La urna del 1-O que cedió la consellera de Presidencia y portavoz del Govern, Meritxell Budó, para una subasta solidaria en Cataluña ha sido adquirida por 250 euros, mientras que por la gorra del mayor de los Mossos d’Esquadra Josep Lluis Trapero se han pagado 930 euros.

Budó había explicado que había querido dar la urna del 1-O para la subasta solidaria, con cuya recaudación se adquieren juguetes para regalar a los niños de familias desfavorecidas, porque, ha dicho: «Si queremos un futuro mejor necesitamos poder volver a decidir libremente cuál ha de ser el futuro de nuestro país».

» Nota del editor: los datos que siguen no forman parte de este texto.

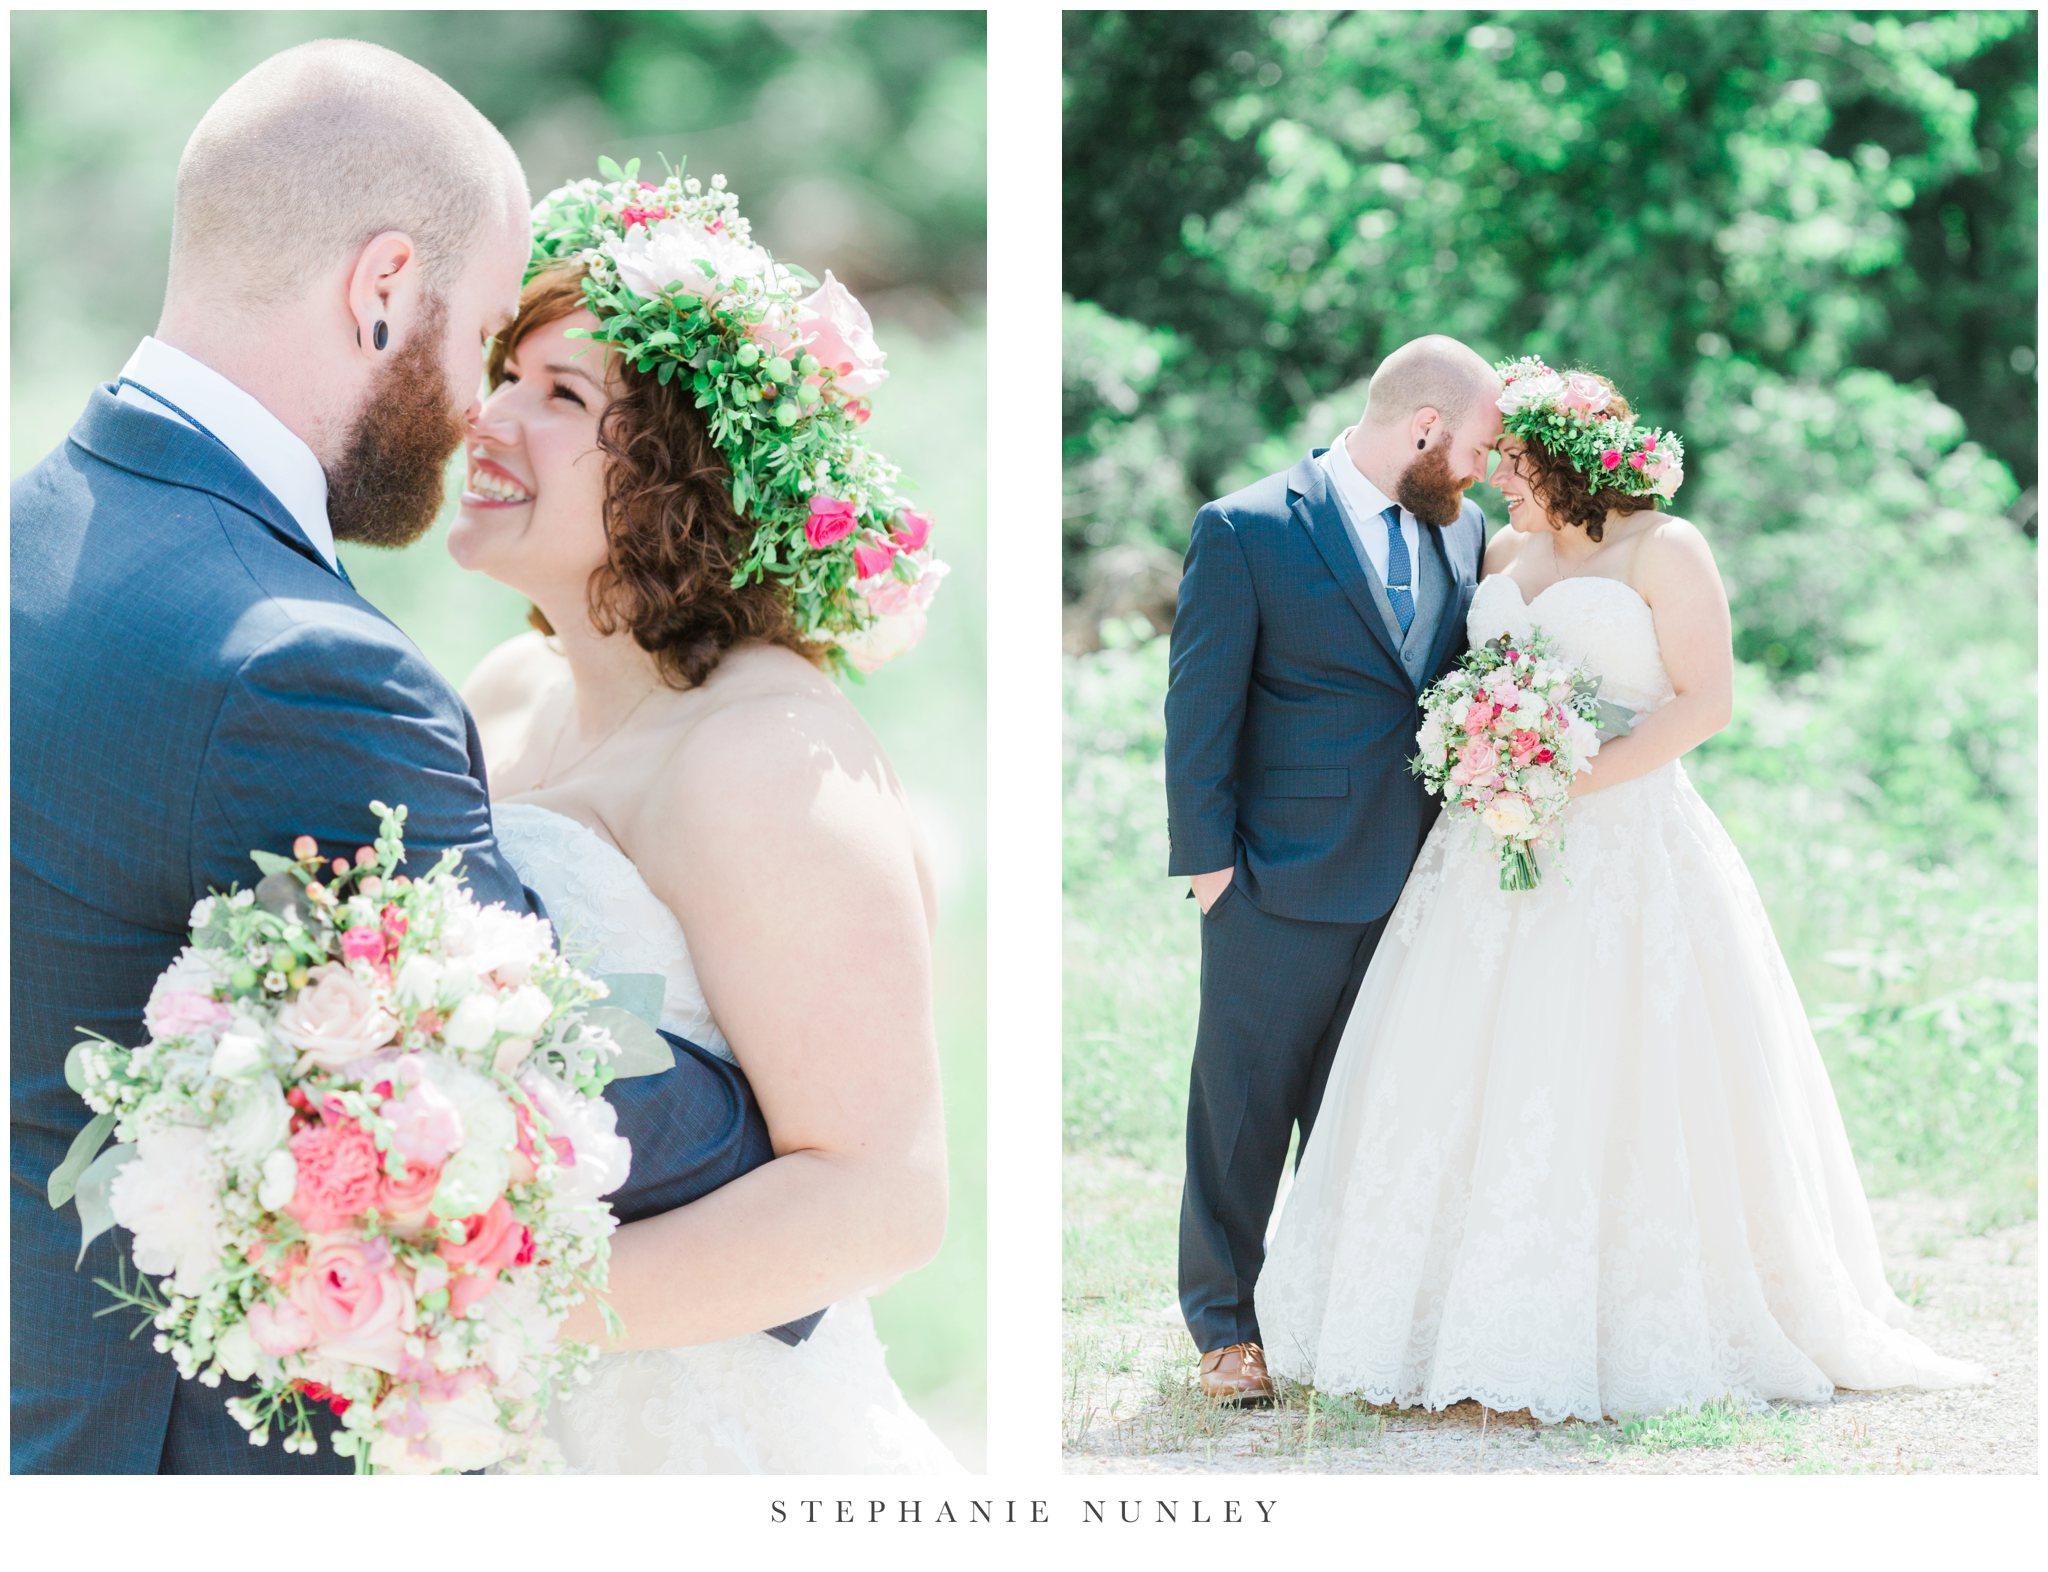 romantic-outdoor-wedding-with-flower-crown-0036.jpg

Ha sido en la 54 edición de la campaña ‘Cap nen sense joguina’ (Ningún niño sin Juguete), que organiza Ser-Cataluña la noche de Reyes y que ha recaudado 52.570 euros en su subasta solidaria, su récord histórico, en que la máxima puja, de 4.550 euros, ha recaído en una guitarra del cantante Alfred García.

Según han detallado los organizadores de esta tradicional iniciativa solidaria, que recauda dinero para que los Reyes Magos puedan llevar regalos a los niños de las familias más desfavorecidas, el segundo objeto donado por famosos para la subasta por el que los oyentes han pagado una mayor suma ha sido una guitarra del cantautor Joan Manuel Serrat, por la que se han abonado 3.600 euros.

Otras de las piezas más codiciadas en esta iniciativa solidaria de Ser-Cataluña han sido una bicicleta del escritor y trader Josep Ajram (2.600 euros), una camiseta del delantero del RCD Espanyol Raúl de Tomás (2.000 euros), la obra La Trobada, de Guim Tió (1.400 euros), una camiseta y postales del tenista suizo Roger Federer (1.200 euros) y una pintura del cantante Manolo García (1.100 euros).

Otros objetos por los que han pujado los oyentes de esta campaña solidaria han sido un póster donado por el periodista Jordi Évole de su documental Eso que tú me das, con 750 euros; una tarjeta roja a Maradona entregada por el árbitro Iturralde González, con 900 euros; una camiseta del futbolista canario Pedri, con 950 euros; otra del brasileño Neymar, con 750 euros, y un juego de pendientes y mascarillas donadas por la consellera de Salud, Alba Vergés, con 550 euros.